I can't wait to read his take on Apollo 14!
3 of 3 people found the following review helpful
5.0 out of 5 stars Wonderful book -- full of details I have never read about before 31 Mar 2011
By James Knapper - Published on Amazon.com
Format:Paperback|Verified Purchase
What a great book on Apollo 12, the mission that had so many interesting stories to tell: From a lightening strike at liftoff, to a dusty, pin-point landing, to an encounter with the unmanned Surveyor spacecraft launched years earlier. David Harland has a gift for telling the story of this exciting flight, using material from many sources and perspectives all flowing together into one seemless tale. Also, many of the pictures from the Moon are in color; something I rarely see in boooks about Apollo. The pictures as well as the excellent drawings created by the author are worth the price of admission alone. I own a huge library of space related books from official NASA histories to the Apogee NASA Mission Reports and Praxis books. This is certainly one of the best ones I have had the pleasure of reading. I learned so much I never knew. I can't wait for the next book in the series!
3 of 3 people found the following review helpful
4.0 out of 5 stars A Most Significant Lunar Adventure 28 Mar 2011
By B. Pohnan - Published on Amazon.com
Format:Paperback|Verified Purchase
David M. Harland has produced a very thorough and readable account of this benchmark Apollo mission. Apollo 12 set the tone for NASA's remaining lunar landing missions. Apollo 11 showed that the U.S. could land human beings on the moon and return them safely to Earth.
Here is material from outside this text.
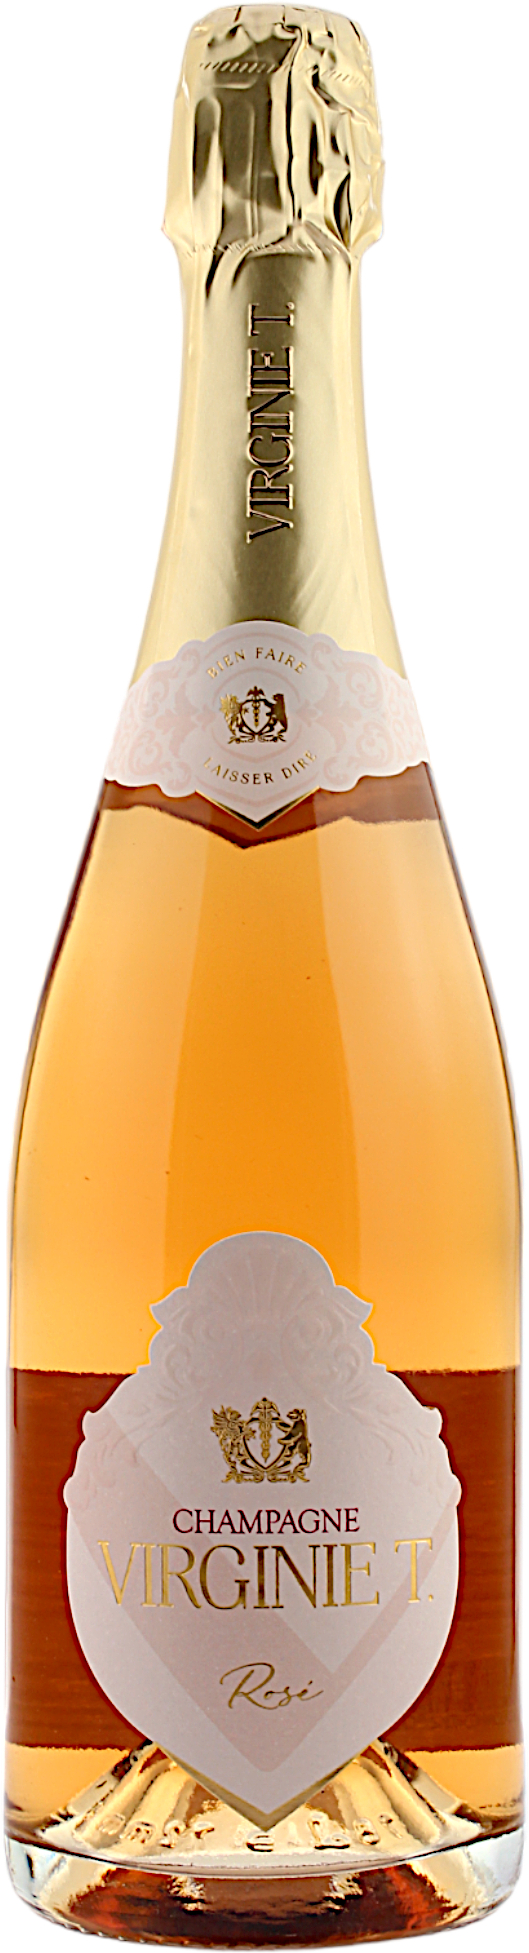 Champagne Virginie T.  Rosé 12.5% 0,75l

Only four month later Apollo 12 demonstrated that we could: land astronauts at a specific site; conduct effective, pre-planned geological field trips; retrieve selected artifacts from another spacecraft; assemble and set up a complex package of scientific experiments on the lunar surface.

Harland reaches launch day by page 79. Before this he has breezed through Kennedy's commitment, crew backgrounds, the Apollo program, landing site selection, mission patch design, vehicle call signs, the scientific experiment package, the launch vehicle and crew training. While most of these are standard fare, it is indeed unfortunate that the author did not provide more insight into Apollo 12's controversial landing site selection.
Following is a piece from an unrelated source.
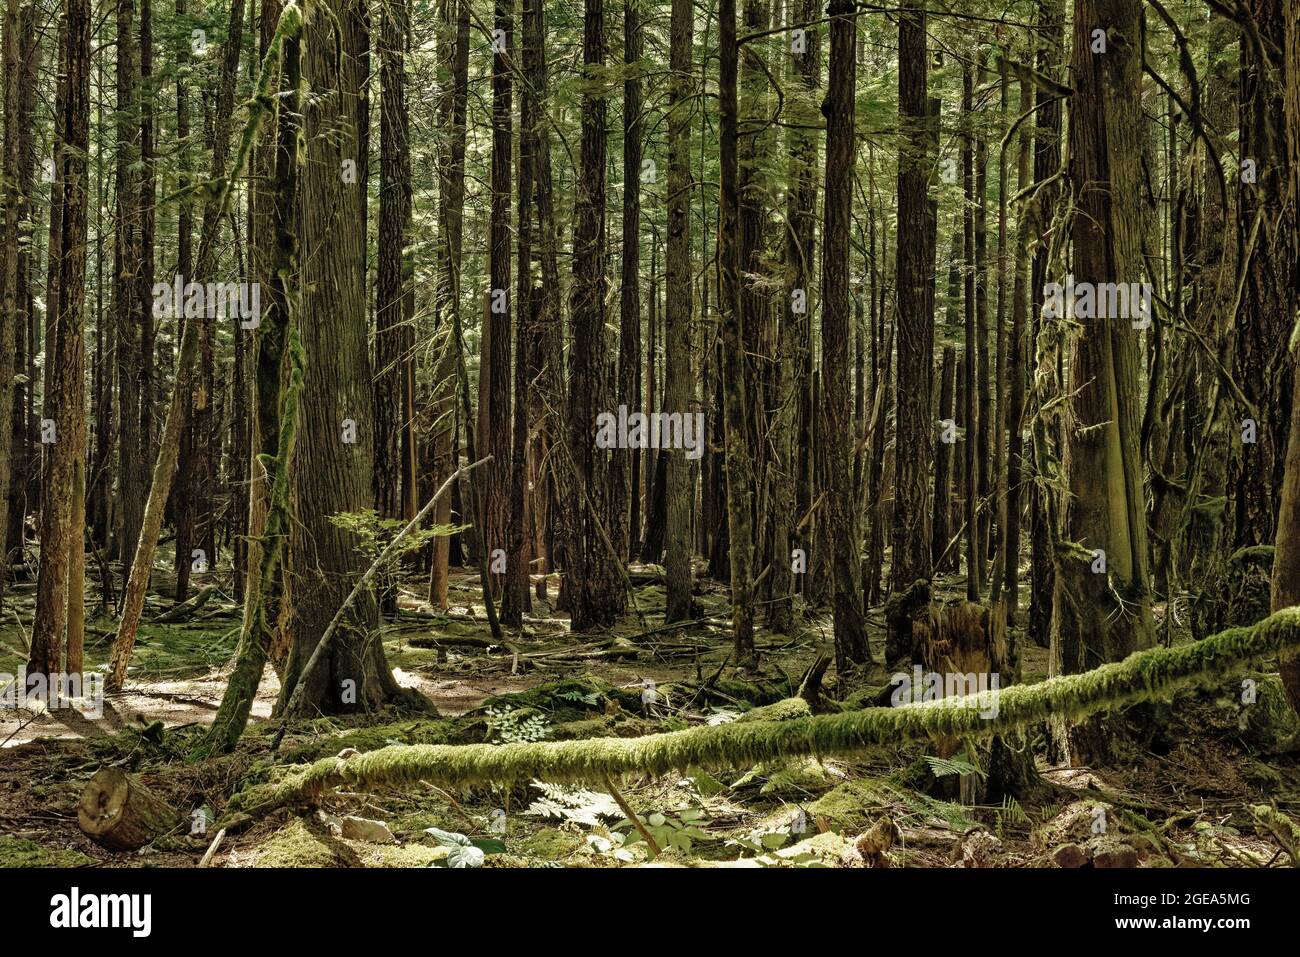 Forest scenes - Squamish, B.C. Stock Photo

The story of how Conrad, Al Bean, and Dick Gordon might have been the first lunar landing mission crew is retold in a short dissertation. A more obscure, but equally interesting scenario that Harland could have included is: had Armstrong and Aldrin failed to land during the Apollo 11 mission, NASA Administrator Thomas Paine would have given that same crew another shot, on Apollo 12. Had this occurred, Conrad, Bean and Gordon would have been reassigned to the ill-fated Apollo 13 mission.

From launch day to the first "rock fest" Harland spends 433 pages relating the by-the-checklist execution of this most complex and challenging lunar adventure. His somewhat bland, but nevertheless complete, narrative is punctuated by a truly inspired selection of photographs and diagrams, most of which are reproduced with striking clarity. Two gems (for this reviewer) are: a diagram of Al Bean's portion of the command module's control panel (page 108) showing the obscure SCE switch that all but saved the mission during the launch crisis; and an eerie picture of Pete Conrad (page 240) about to descend the ladder onto the pristine lunar surface. As an aside, I do wish Harland had included a retouched image of Dick Gordon's part of the control panel showing the illuminated caution and warning lights after the lightning strike.

Despite Harland's dry style (thank God for Conrad's, Bean's and Gordon's irrepressible personalities), I really enjoyed this book and highly recommend it. I have thoroughly studied this mission (along with one other) over the past forty years and can state that there is no aspect about Apollo 12, of which I am aware, that is not covered in Harland's book. He even cleared up one misconception for me.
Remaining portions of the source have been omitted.